### AVAILABLE DATA
<<<<

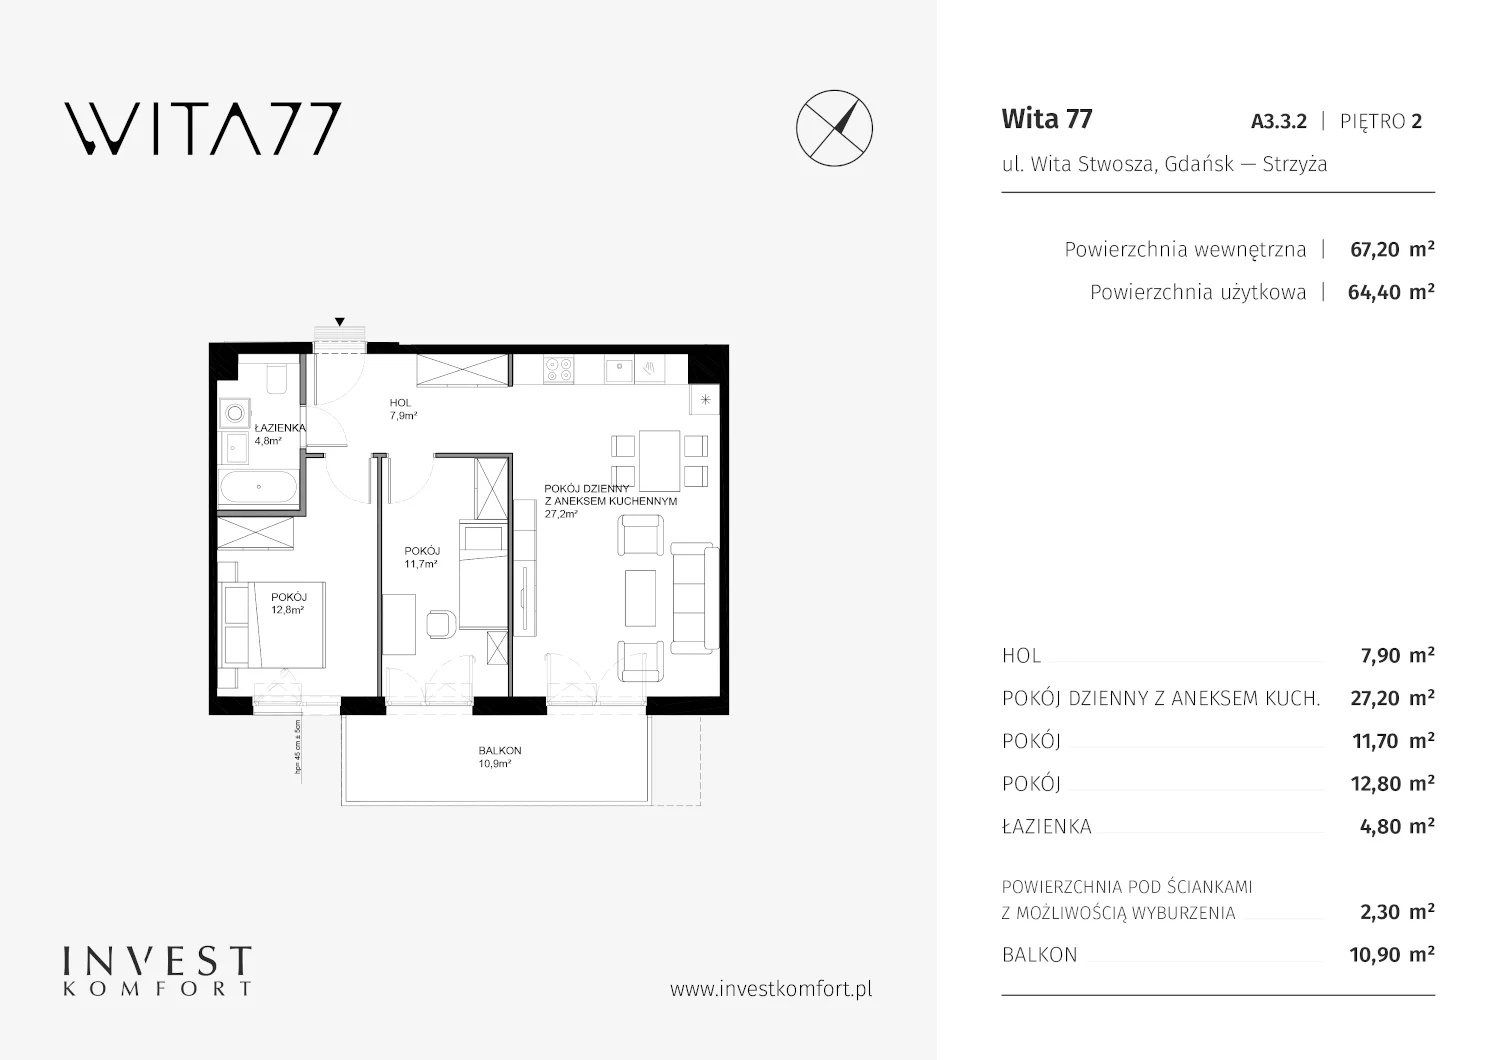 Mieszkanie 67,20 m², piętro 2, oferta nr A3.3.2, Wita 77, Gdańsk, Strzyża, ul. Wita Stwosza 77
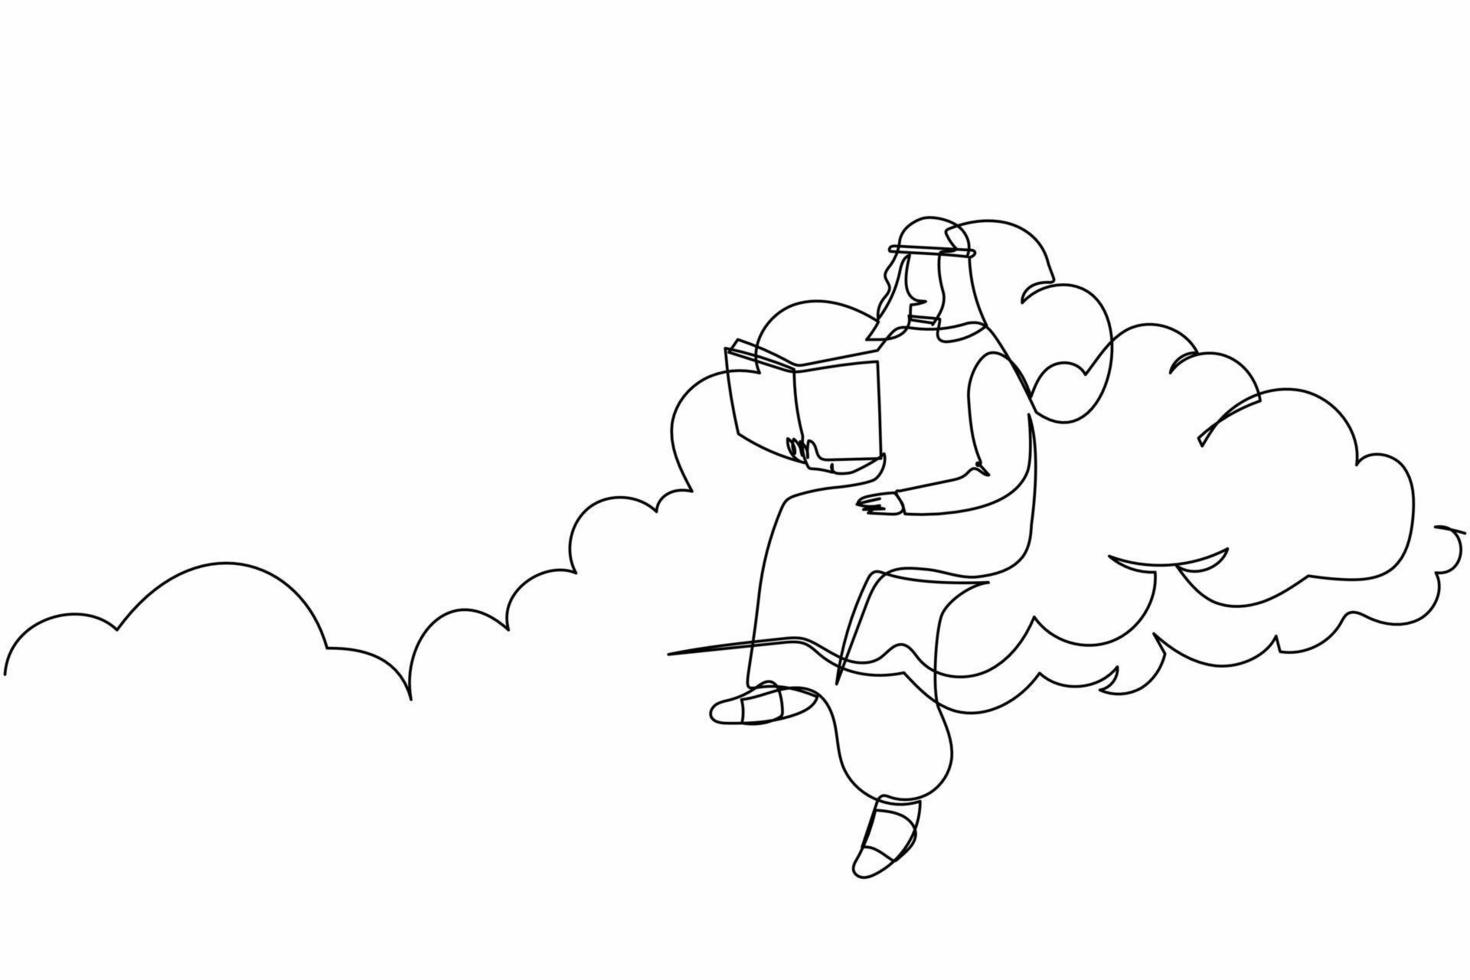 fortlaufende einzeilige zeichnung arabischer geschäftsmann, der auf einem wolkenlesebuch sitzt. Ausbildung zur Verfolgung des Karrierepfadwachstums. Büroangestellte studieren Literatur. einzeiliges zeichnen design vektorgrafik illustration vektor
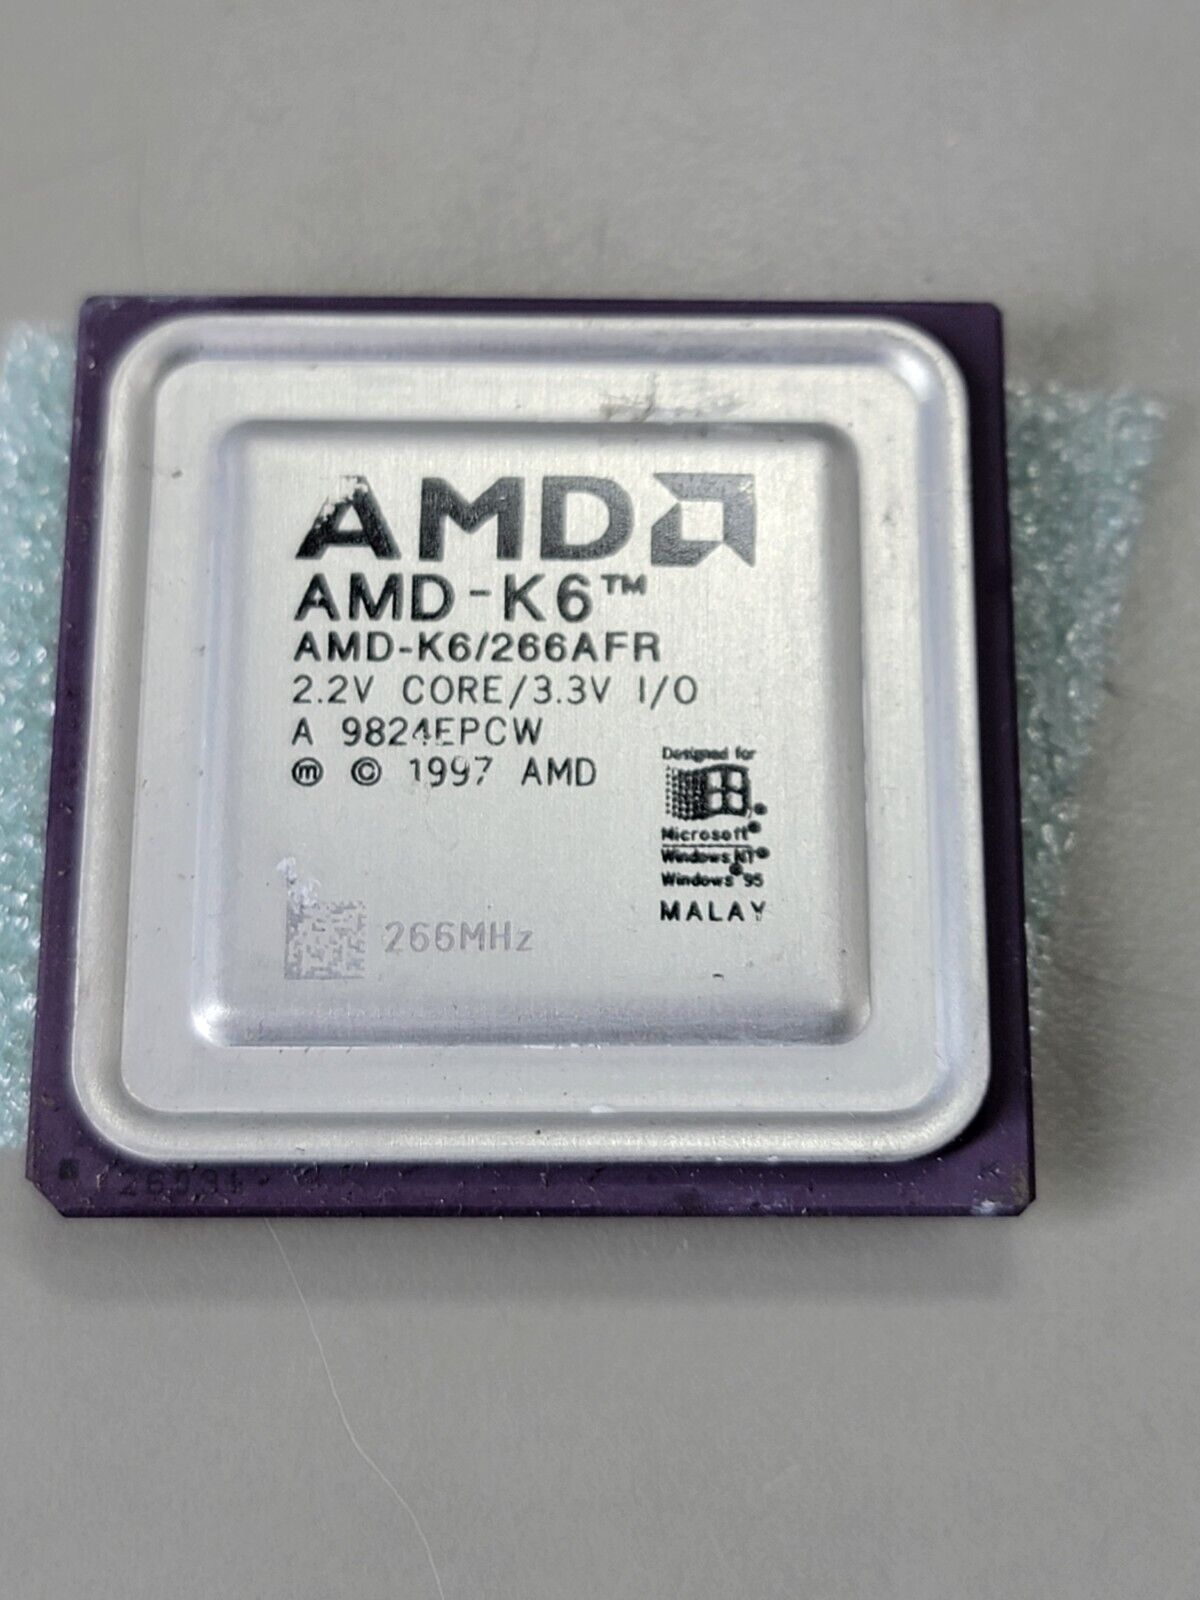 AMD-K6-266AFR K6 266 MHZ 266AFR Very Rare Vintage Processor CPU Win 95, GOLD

>>>>

### PROBLEM
Could you print the data exactly as it appears and keep the pictures out?

### RESPONSE TO THIS EXERCISE
 Mieszkanie 67,20 m², piętro 2, oferta nr A3.3.2, Wita 77, Gdańsk, Strzyża, ul. Wita Stwosza 77
 fortlaufende einzeilige zeichnung arabischer geschäftsmann, der auf einem wolkenlesebuch sitzt. Ausbildung zur Verfolgung des Karrierepfadwachstums. Büroangestellte studieren Literatur. einzeiliges zeichnen design vektorgrafik illustration vektor
 AMD-K6-266AFR K6 266 MHZ 266AFR Very Rare Vintage Processor CPU Win 95, GOLD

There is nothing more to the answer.